Defendant, by contrast, offers substantial evidence to the contrary. First, the PHDC accidentally granted prior union president John Ray "no charge" paid leave for non-PHDC union business in November 2003 but caught the mistake in January 2004 and docked him three days pay. Thus, he did not receive "no charge" paid leave for his involvement in non-PHDC union business. (See Perez Decl. ¶¶ 37-38; Def.'s Mot. for Summ. J., Ex. K at PHDC 0473-75.)

Second, PHDC employee Evelyn Carter, who served beginning in late 2006 or early 2007 as union representative to District Council 33 ("DC 33"), a regional association of Philadelphia-area unions, did not receive "no charge" paid leave to attend DC 33 meetings during work hours. (Carter Dep. at 101.) In her previous work as union representative to DC 33, Pankey also was not granted "no charge" paid leave to attend DC 33 meetings. (See Pankey Dep. at 60, 66-67.)

Third, shortly after Pankey returned to work from about two years of unpaid union leave in 2006, the director of her department, William Yurkow, sent her an e-mail that read, "PHDC's policy is to require approved leave time for any union business transacted by you on behalf of RDA or OHCD during your workday. . . . Please submit leave slips for the time you will be taking to meet with OHCD and the RDA today. Please also punch out on the [time-keeping] system when doing so." (Def.'s Mot. for Summ. J., Ex. K at PHDC 0103.)

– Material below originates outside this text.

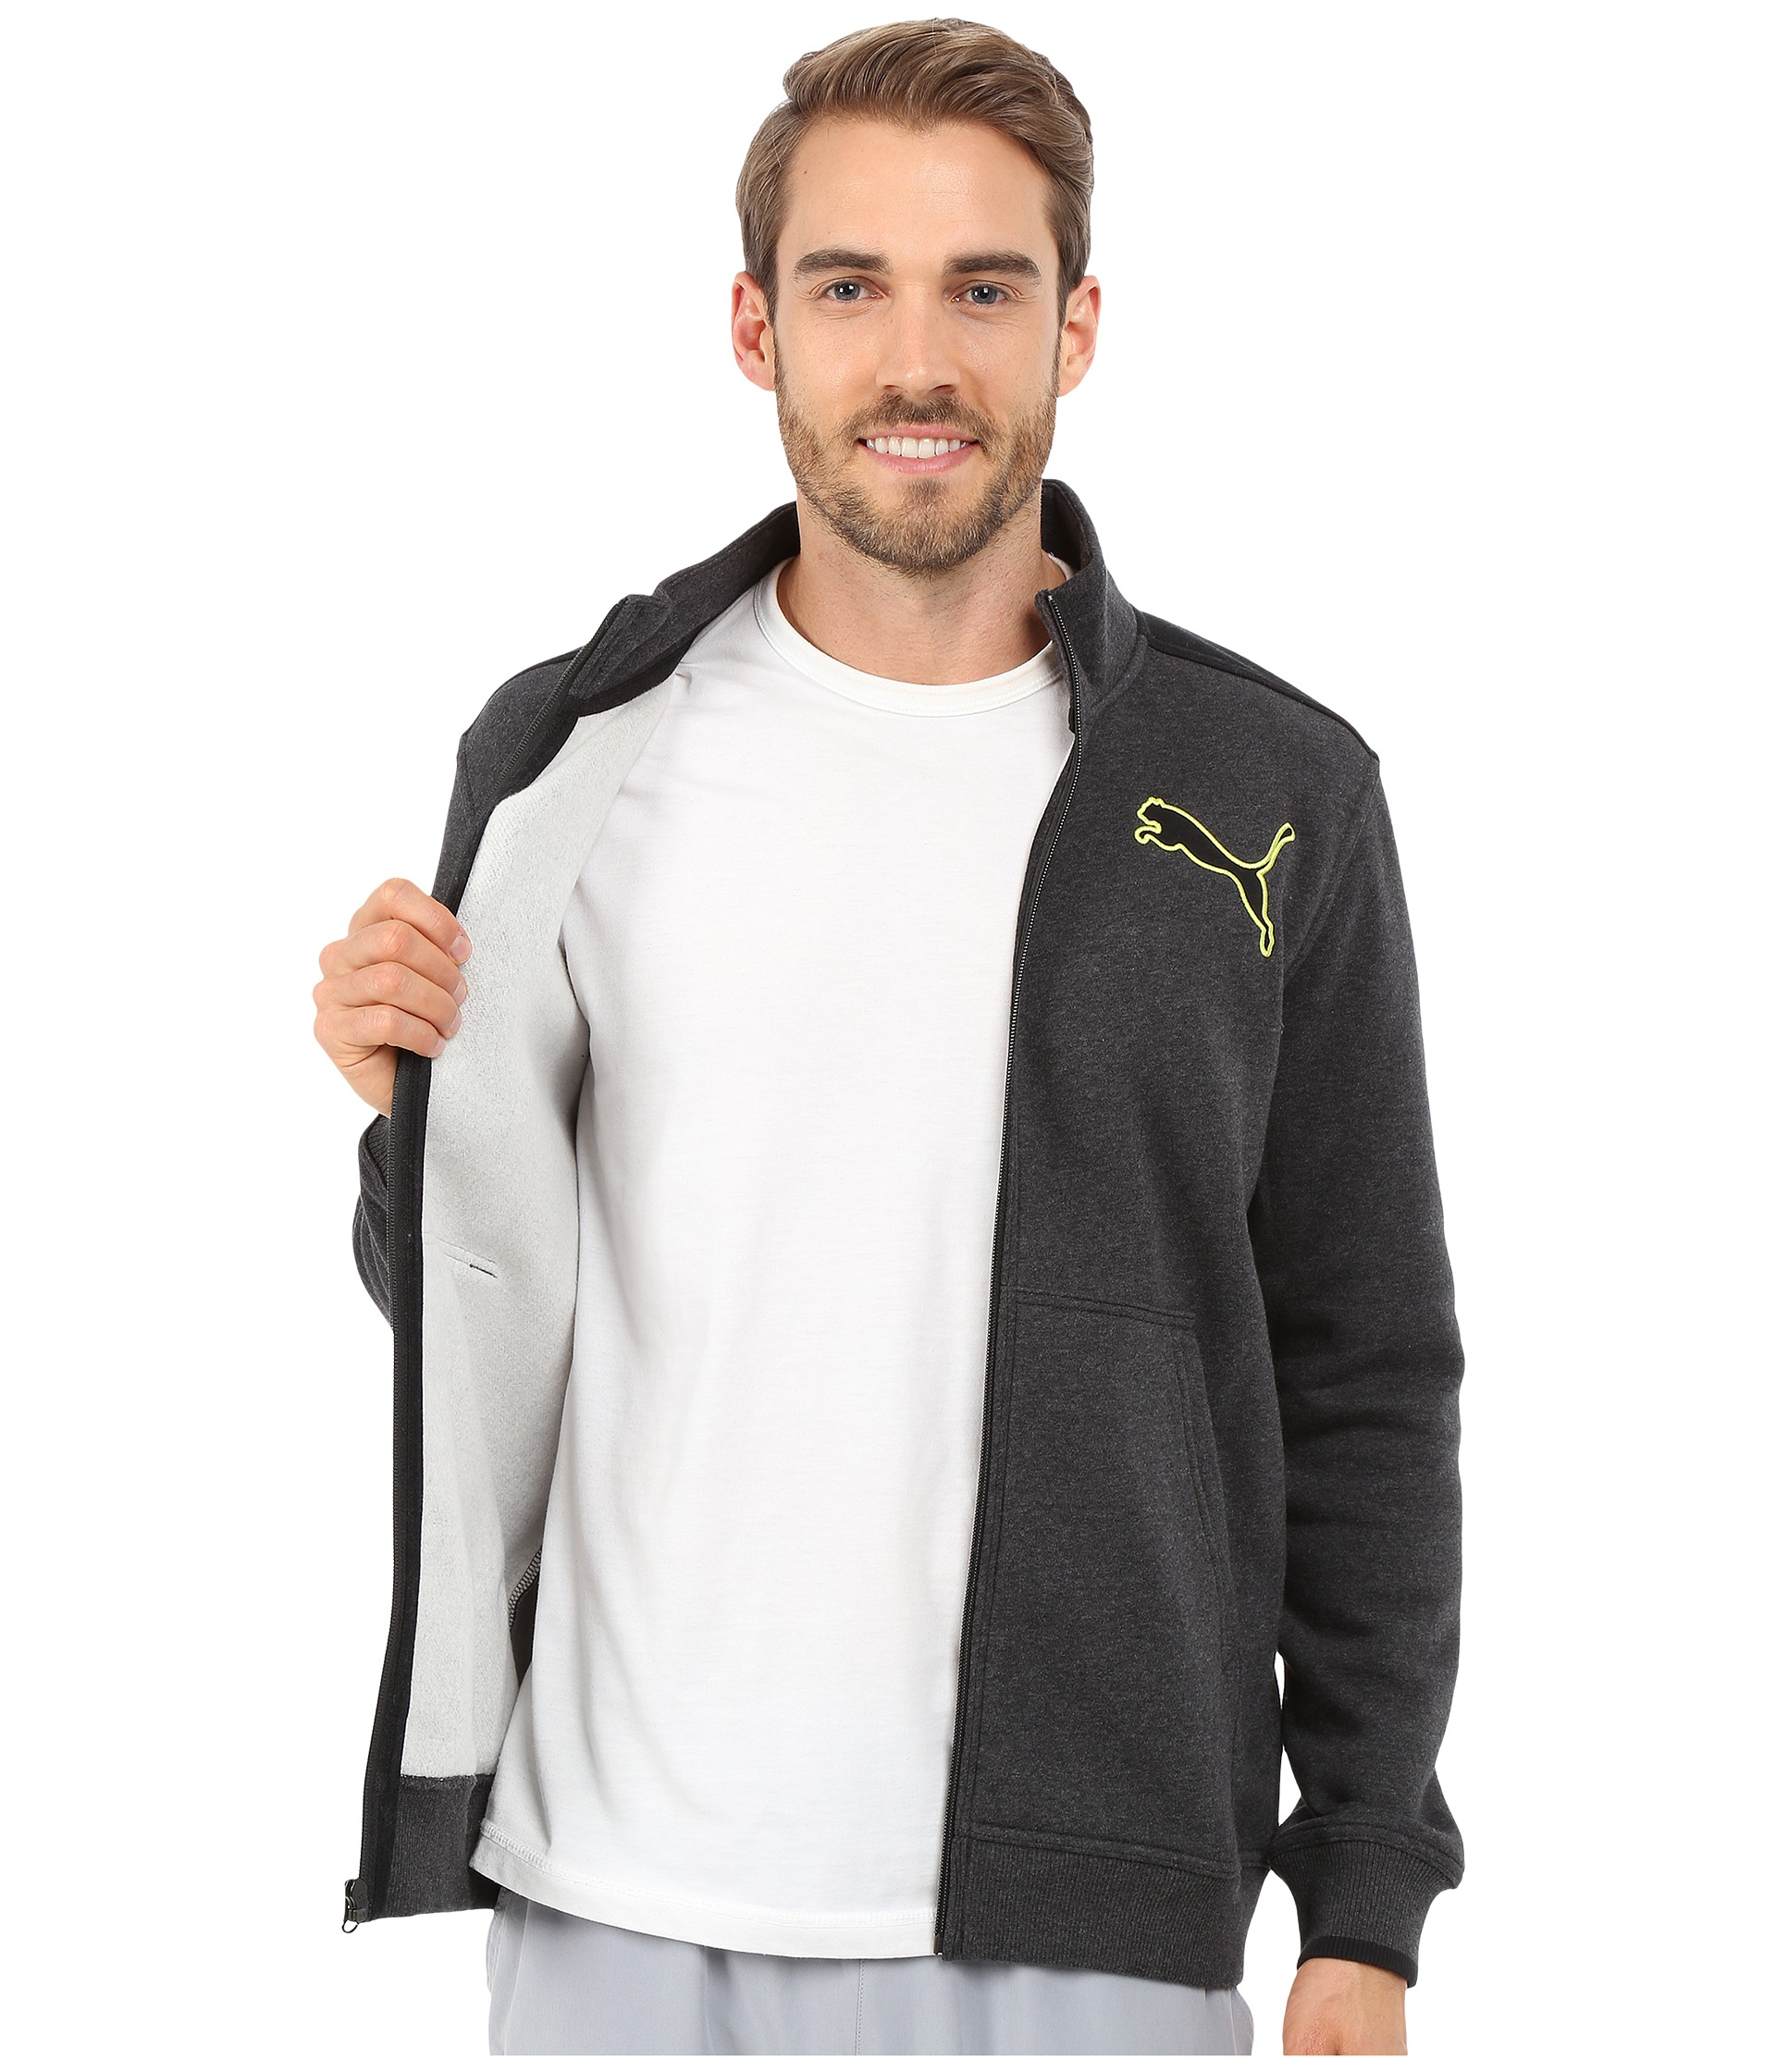 Lyst - Puma Fleece Track Jacket in Gray for Men

Finally, in September 2006, when the union was negotiating a contract with the PHDC, OHCD and RDA at the same time, Yurkow wrote an e-mail to Pankey that read, "You will be given time to attend negotiations for all three agencies; however, other time spent for union business other than negotiations will need to require use of your own leave time." (Id. at PHDC 0106.)

Quinn did approve "no charge" paid leave for Pankey for an afternoon in March 2007 for a non-PHDC union matter. (Id. at PHDC 0242.) Quinn testified at his deposition that he did so because he held the mistaken belief that Pankey would be attending to PHDC business. (Quinn Dep. at 148-49.) The leave slip Pankey filled out (that Quinn approved) did not state that the union matter for which she sought leave was non-PHDC related. (Def.'s Mot. for Summ. J., Ex. K at PHDC 0242.)

Even viewing this evidence in the light most favorable to Pankey, no reasonable jury could conclude that the PHDC had a policy of granting leave for non-PHDC union activity. Pankey was told explicitly on two occasions that the policy was not to grant such leave. Her immediate predecessor was denied such leave. And both she and the current DC 33 representative were denied such leave in analogous circumstances. Given this evidence, the one afternoon of "no charge" paid leave Pankey received without telling her supervisor she was working on a non-PHDC matter is not sufficient evidence on which a jury could infer a policy of granting such leave. Neither is plaintiff's ipse dixit statement that the leave policy was as she stated.

In sum, plaintiff has not presented any evidence that PHDC had a policy of granting "no charge" paid leave for OHCD and RDA matters, which it then changed in retaliation for plaintiff's filing complaints with the EEOC and PHRC. As such, she cannot prove she suffered an "adverse employment action" for filing complaints, and her retaliation claim must fail. The Court grants the motion for summary judgment as to Pankey's third claim.


For the foregoing reasons, PHDC's motion for summary judgment is granted. An appropriate order follows.